Perfectionist? More of remorse.


To develop an attitude where, flaws are not acceptable at all. The trait is in me since I was little, as far as I remember. The result from this? I tried nothing.

I hate failure. I hate to commit mistakes. I hate every negative things around me, even when the time when I feel so negative, myself. Again, I ended up, being plain. Follow the rules, at least. I never a rulebreaker. Never. I'm straightforward. Always.

Not until I learn to try things, on those accidently-joined-ashkar days. Never, until that. A cultural shocking for me, personally, but since I really got furious over a statement said by this one person,
"Eeee, Wani quitter," I was like, "Dude..... don't go too far. I want to quit, not like I can't make it. I just don't want to try it, what do you know?" But that's just remain in me, until I eventually finished the course. I  maybe wasn't the best product, but I just have became better than the one I was before. That's all. Far better. Like, farrrrr better. I know. And during those ashkar days, I learned to be a little not-straighforward. I did break some rules, provided I was with my squad. I never done anything alone. No fun, because, no fun.
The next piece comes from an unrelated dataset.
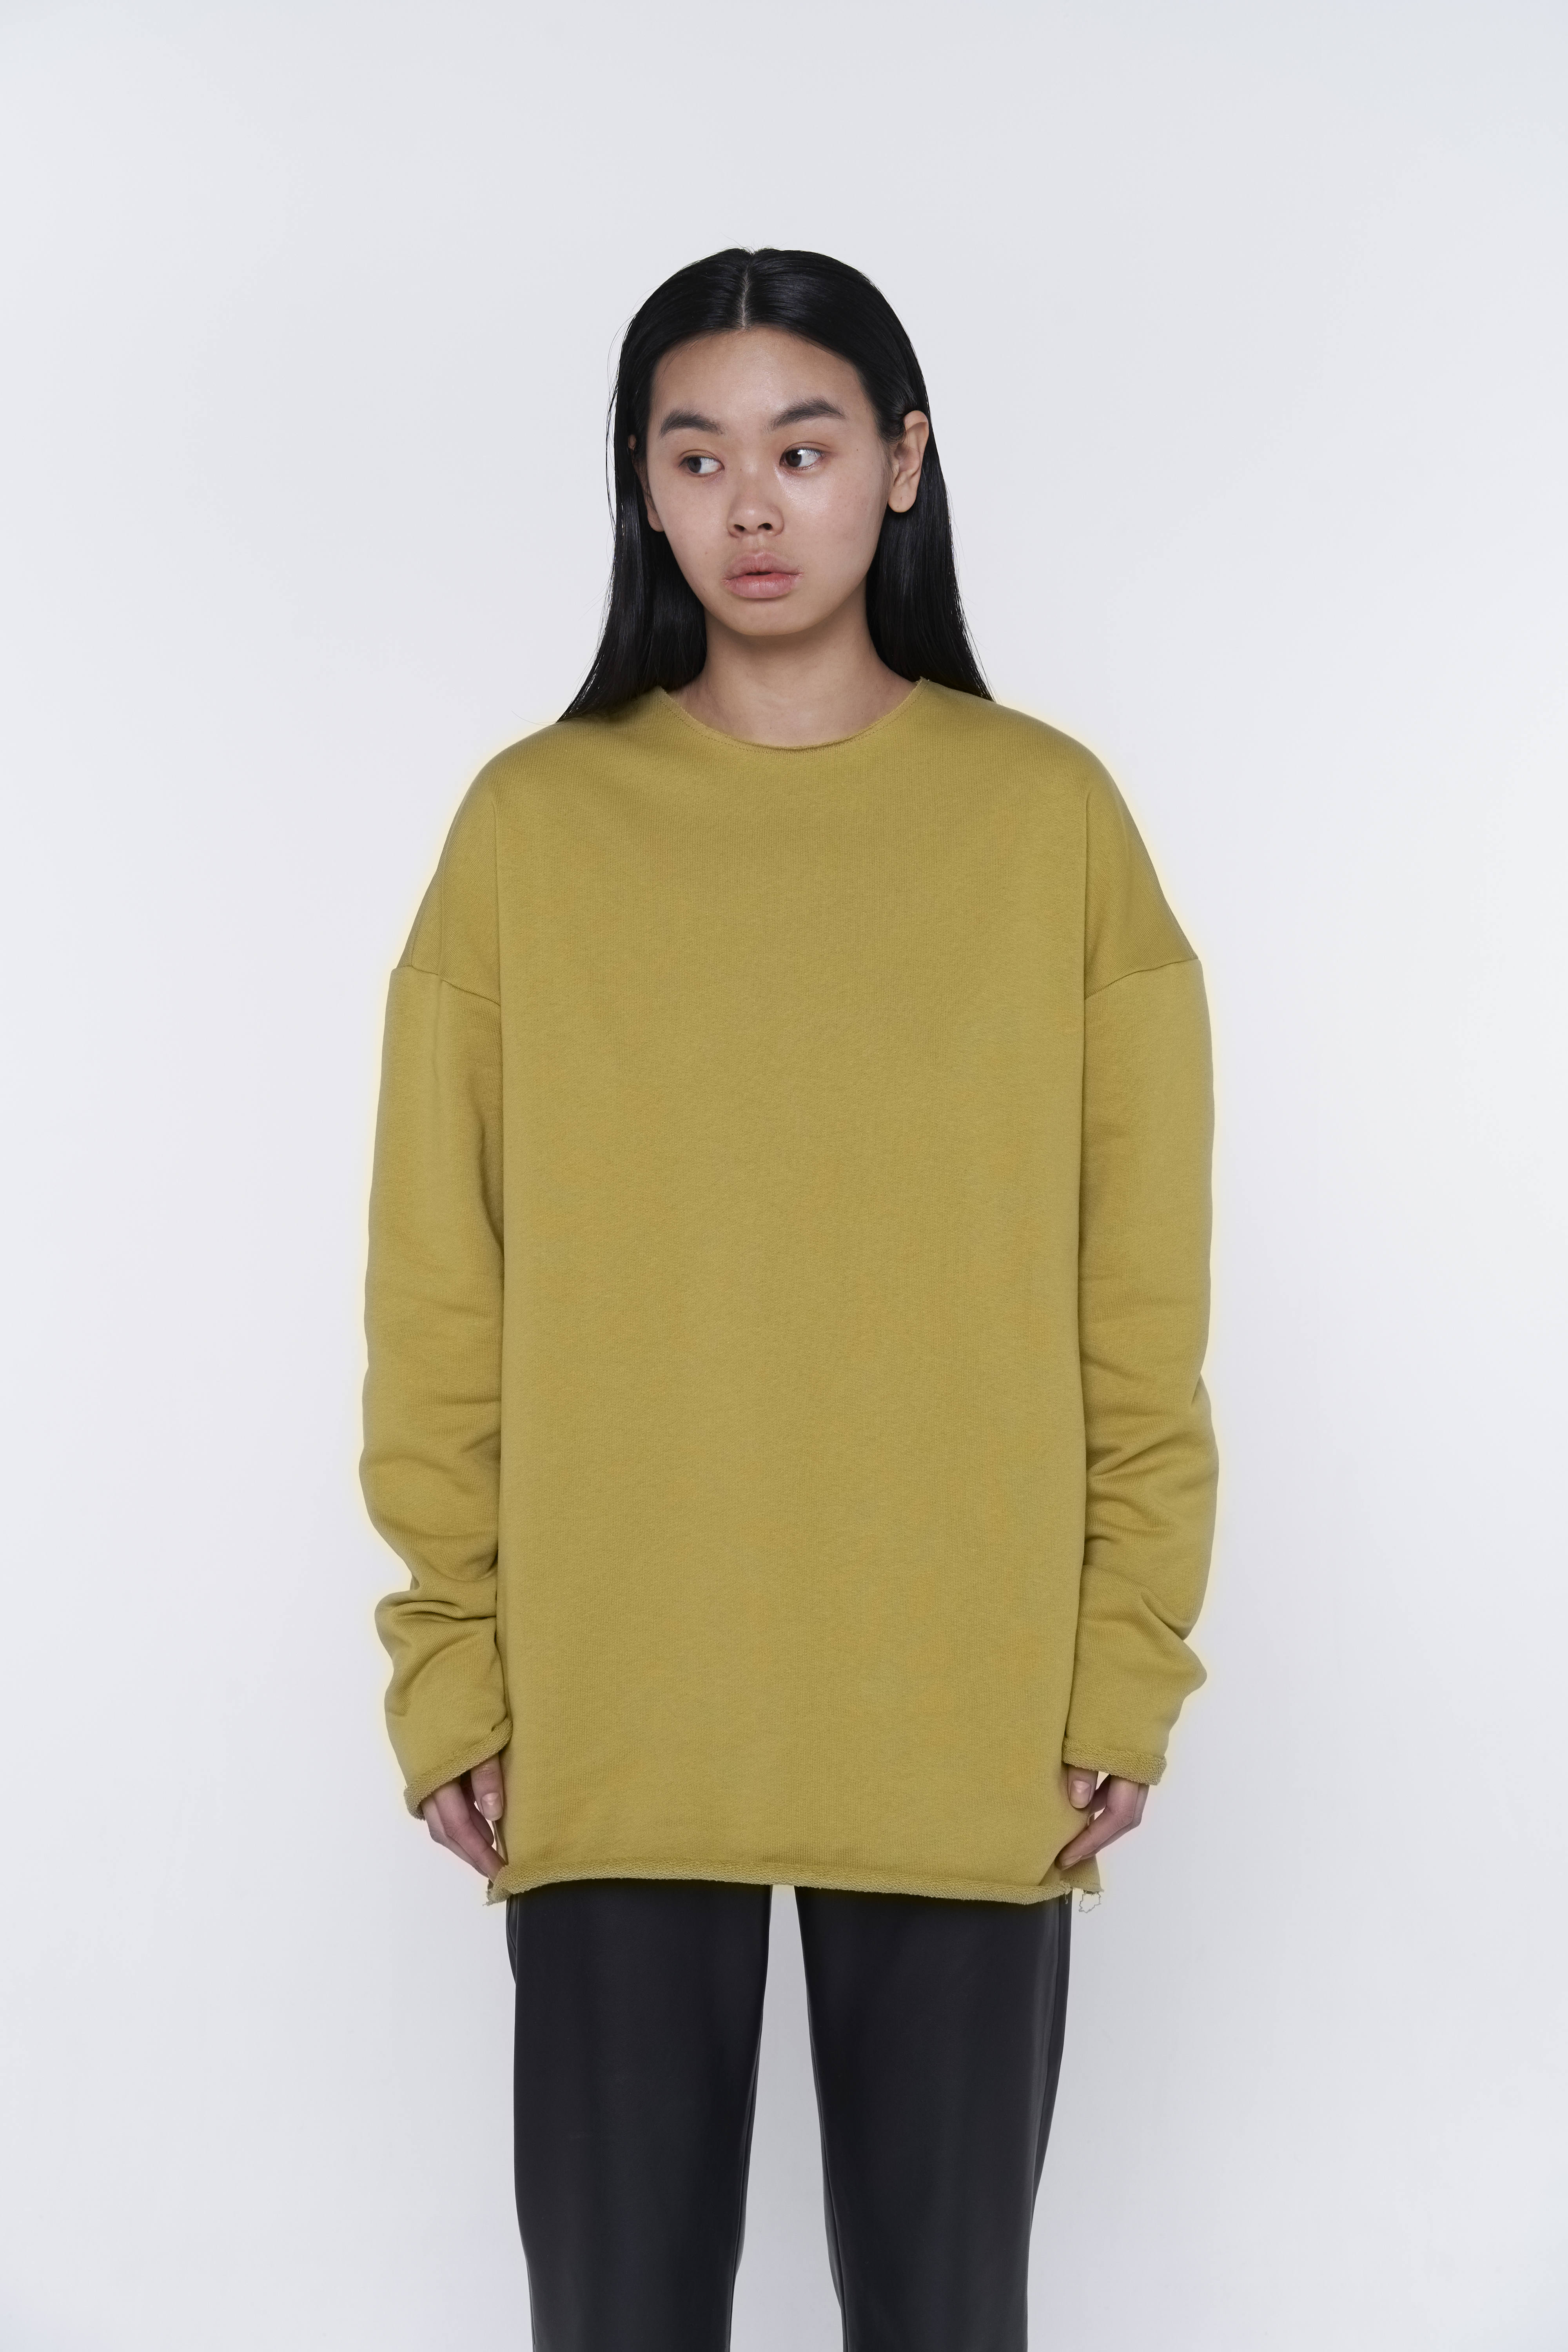 sweatshirt relax fit in olive color

Basically, that's what I am today. I am always in the middle. I'm an extrovert as well as an introvert. I can adjust myself pretty well according to the situations. I'm just doing fine nowadays.


So, today, I did a mistake. Well, what kind of living I am leading to, is, actually, very straightforward one, back like before. But there's a loose touch. Still the same old reaction when somebodyelse appointed the mistake. But my body starts to behave very unusual.

A migraine.





....

Really?




I didn't know that was a migraine, until the sufferers describe the symptoms to me. And I was like,
"Damn, I'm getting old."

*sigh



*p/s: Anyway, the mistake was nicely handled by the superiors of the company that I am working at. Maybe haven't really completely finalized, but I feel grateful, to be treated, that nice. After all, for every mistake I had make, I rather be scolded, that way, I could sleep better. But, I am grateful.